• **Work item**: What you give back should be exactly the lines from the one with "Shop Jacquemus Cotton Denim Jeans" through the end of the data, without the pictures.

• **Supplied data**:
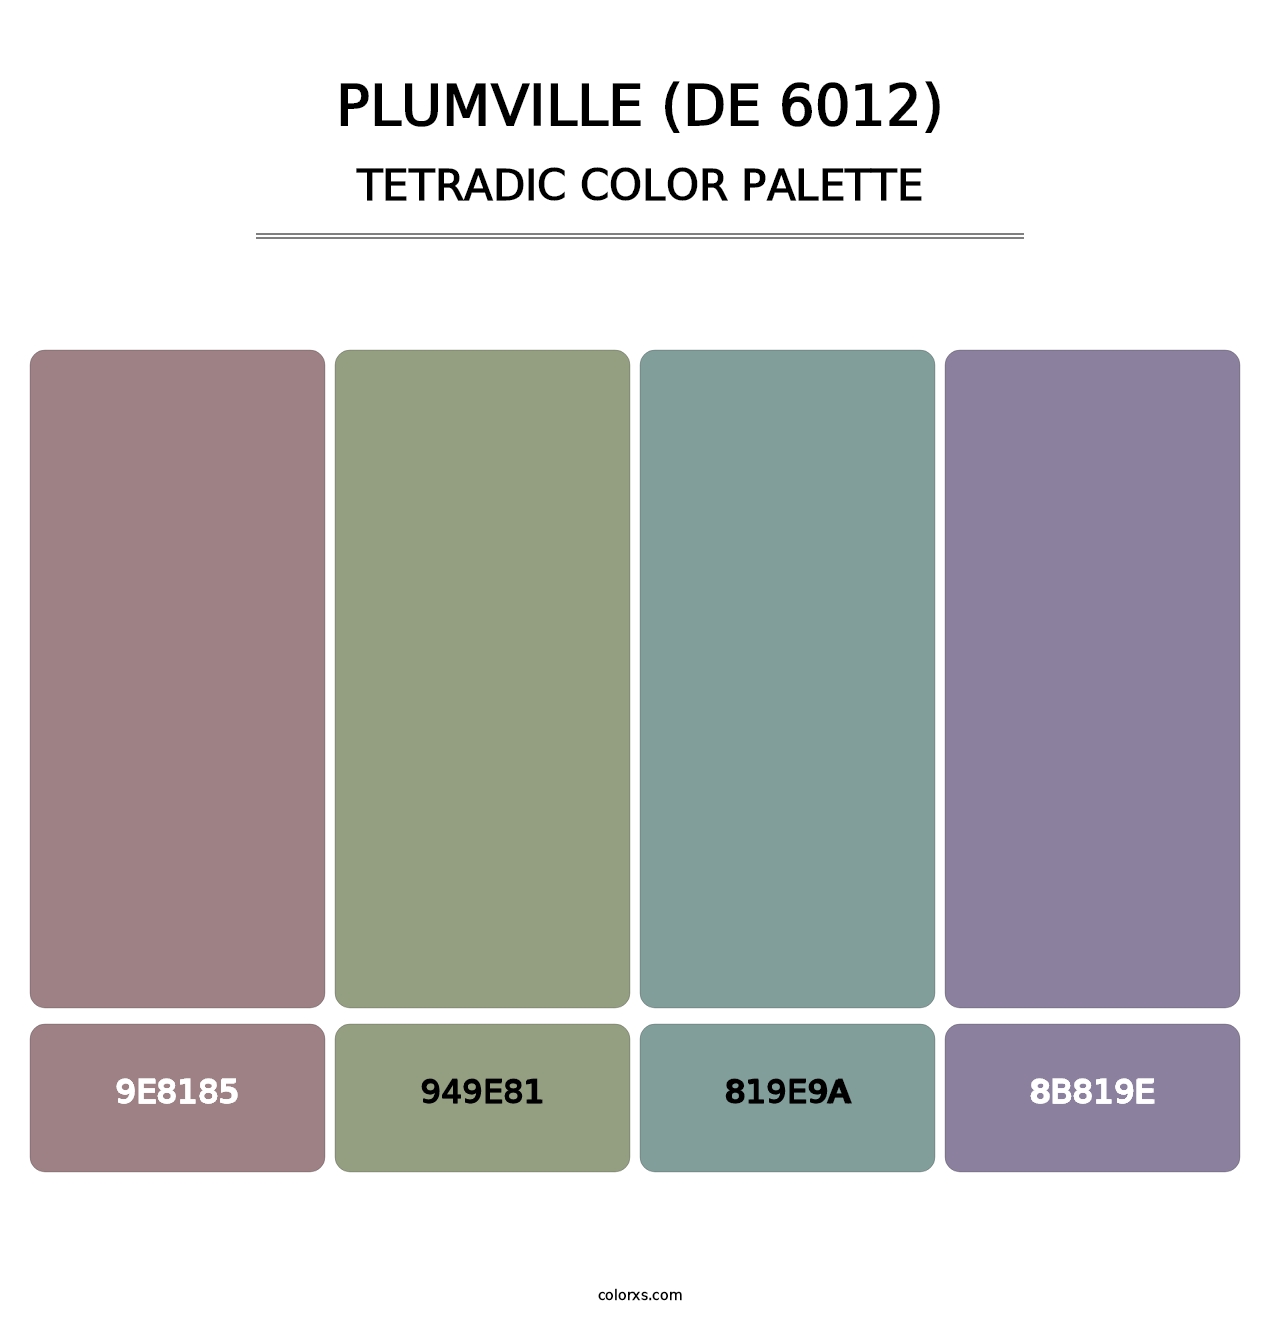 Plumville (DE 6012) - Tetradic Color Palette
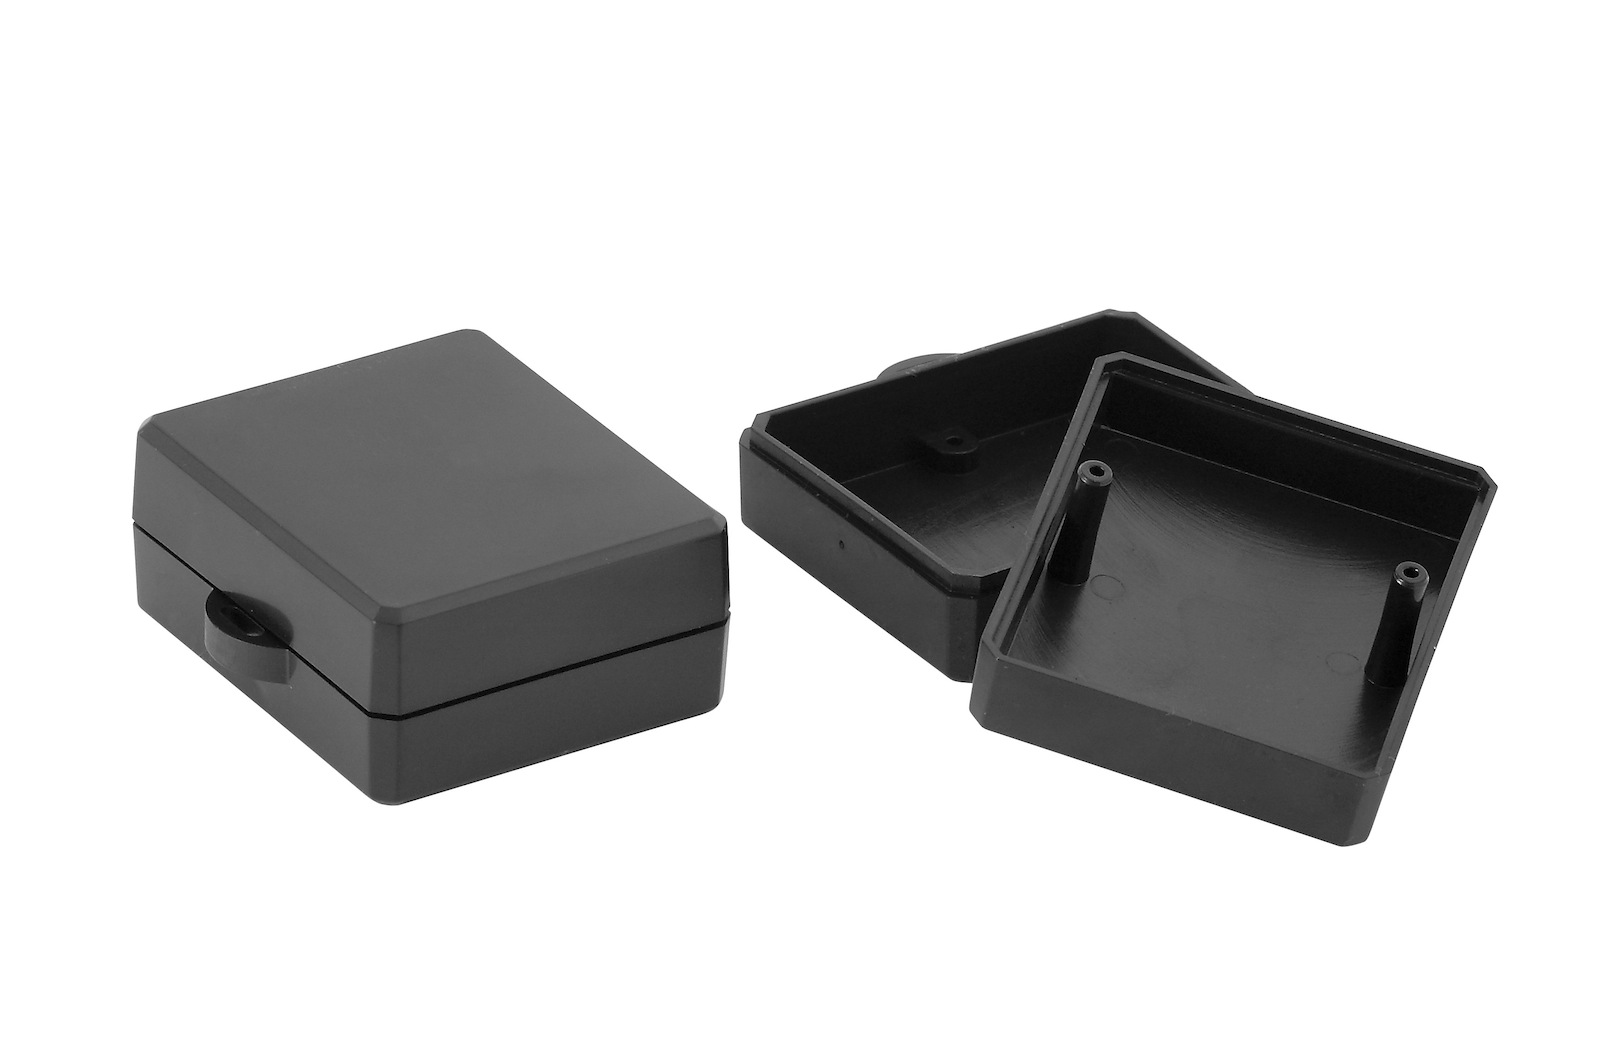 Maszczyk Plastová krabička KM-90BK, černá
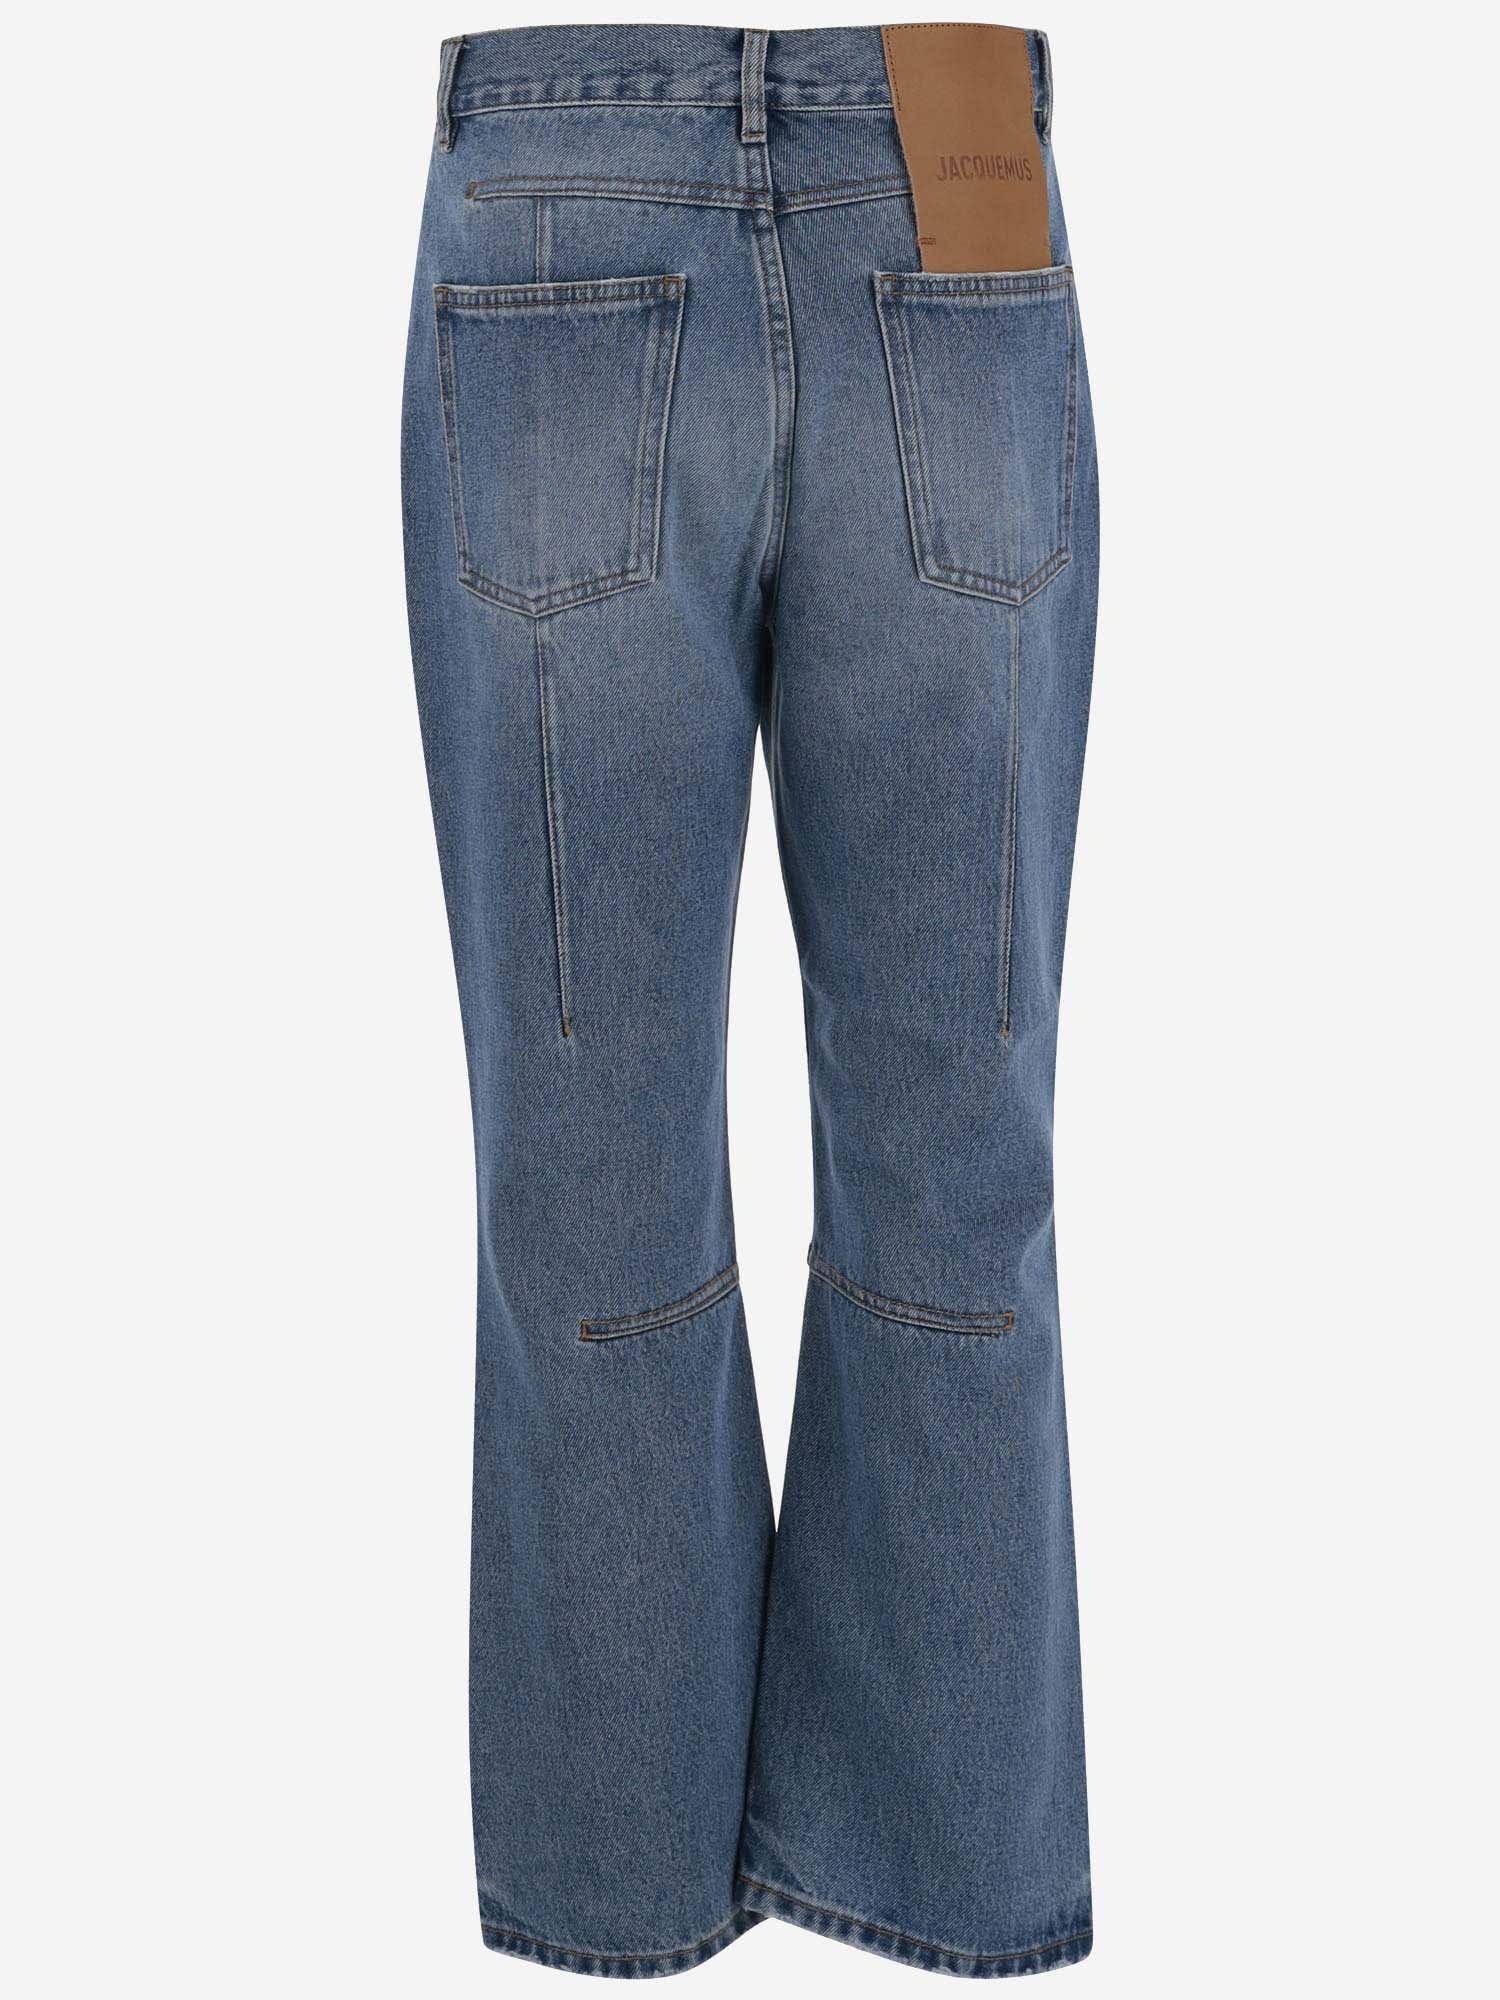 Shop Jacquemus Cotton Denim Jeans
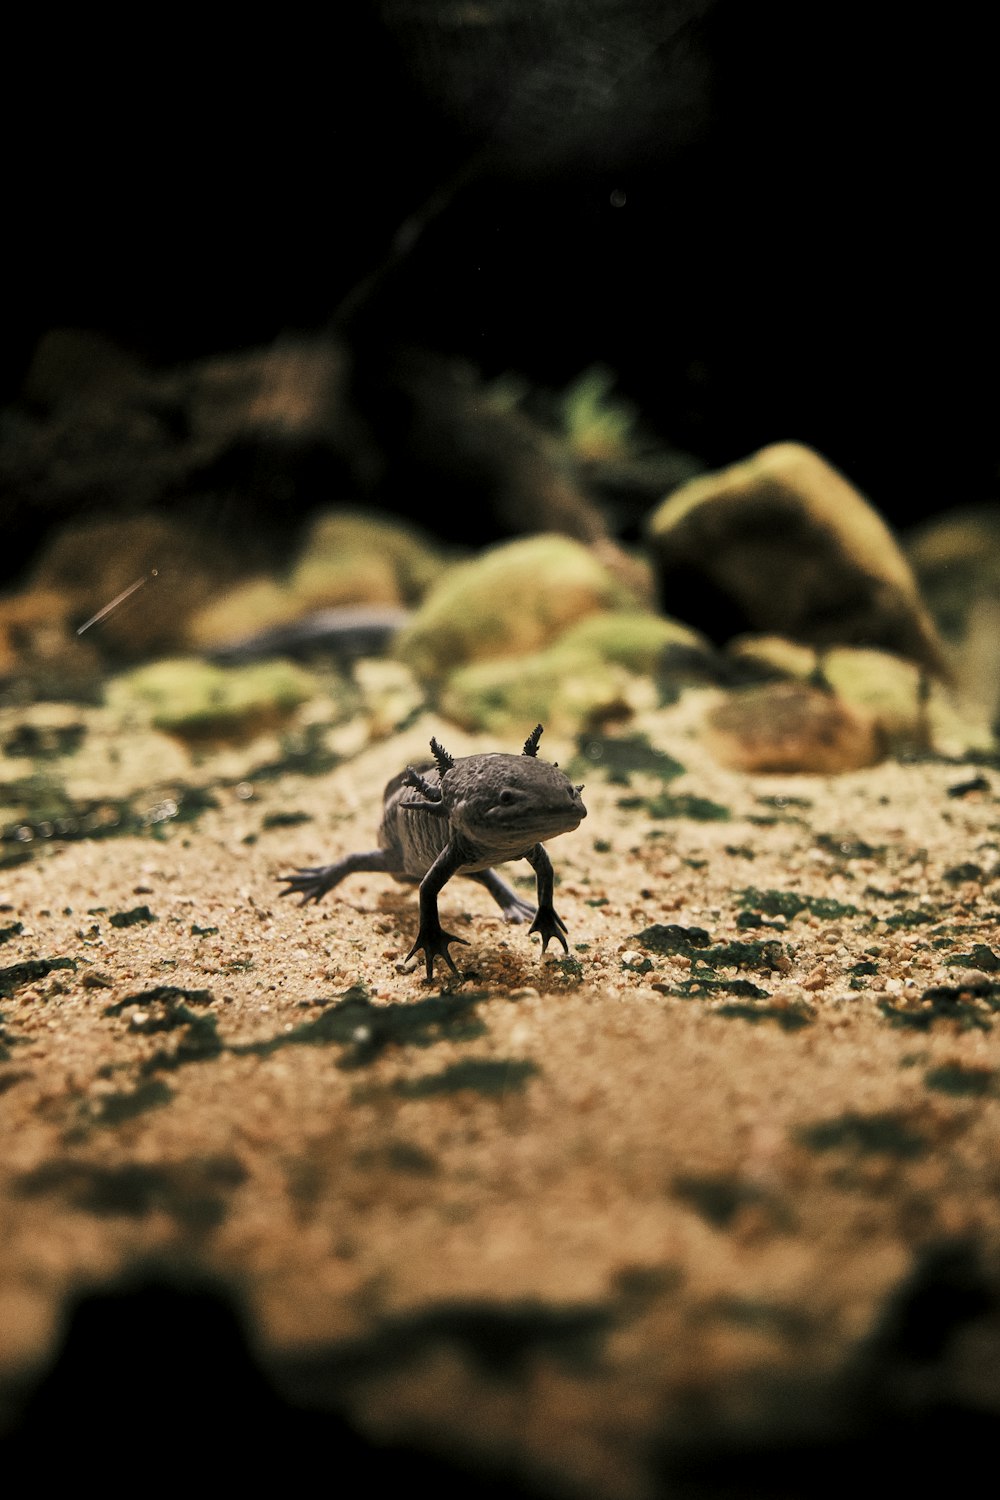 Un pequeño lagarto caminando por un campo de tierra

• **Output of the task**:
 Shop Jacquemus Cotton Denim Jeans
 Un pequeño lagarto caminando por un campo de tierra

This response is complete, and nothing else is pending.